Children notice. They notice that everyone else is in the class photo but them. They notice that their friend's parents saw photos of the trip but their own parents didn't. They notice that their achievements don't get celebrated online while others' do. No parent wants their child to feel excluded, and schools know this. The social pressure to consent is enormous.
Some parents withdraw consent after problems arise i.e. an estranged partner finds photos, or they discover their child's image being used in ways they didn't anticipate. Schools often respond poorly, treating it as an inconvenience rather than a legitimate concern.
Not truly informed
Even when parents do read the consent forms carefully and sign willingly, are they truly informed?
They don't know that content uploaded to Google Classroom is stored on Google's servers, which may be located in multiple countries, subject to various jurisdictions' surveillance laws, and governed by complex data processing agreements they've never seen.
They don't know that public social media posts can be scraped by third-parties, by data brokers, by advertising companies, by anyone with basic technical skills. And used for purposes that have nothing to do with education.
They don't know that images may be used to train facial recognition systems or other AI models. They don't know that "deleted" posts often remain in back up systems or cached versions available through Internet archive.
They don't know that when they consent to school photographs, those images might be sold to commercial photography companies who then market them back to parents, keeping the images in their commercial database for years.
They don't know the full scope of who has access to Google Classroom within the school. Is it just the class teacher, or also teaching assistants, supply teachers, administrative staff, IT support?
They don't know how long the images will be retained, what happens when their child leaves the school, or how to actually enforce deletion if they change their mind.
Informed consent requires understanding the full implications of what you're agreeing to. In most cases, that understanding isn't their.
The Permanence Problem
Children born in 2015 are growing up as the first generation to have comprehensive digital records for their childhood created without their consent. They can't opt out. They don't have capacity to consent. Yet decisions made by adults when they were three or four will follow them for life.
The Right to Erasure (GDPR Article 17) exists in principle. In practice, it's nearly impossible to enforce comprehensively. An image on Facebook may be shared, screenshot, re-posted to other platforms. An image on a class blog may be cached by Google, archived by Internet Archive, or saved by anyone who visited the page. Requesting deletion from the original source doesn't eliminate the copies.
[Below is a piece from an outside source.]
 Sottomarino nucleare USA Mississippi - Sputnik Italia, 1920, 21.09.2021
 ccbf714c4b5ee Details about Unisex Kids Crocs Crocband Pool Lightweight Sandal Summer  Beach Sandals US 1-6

Childhood photos have longevity and should be private. The embarrassing moment caught in reception, caught on camera, shared on Tapestry, perhaps forwarded by a thoughtless parent, can surface a decade later. The child who struggled with behaviour at seven, documented in reflection time or learning support contexts, may find those records when they're seventeen and applying to university. Future employers search online. The digital footprint of well meaning teachers becomes part of a young person's permanent record. They suddenly become guilty until proven innocent.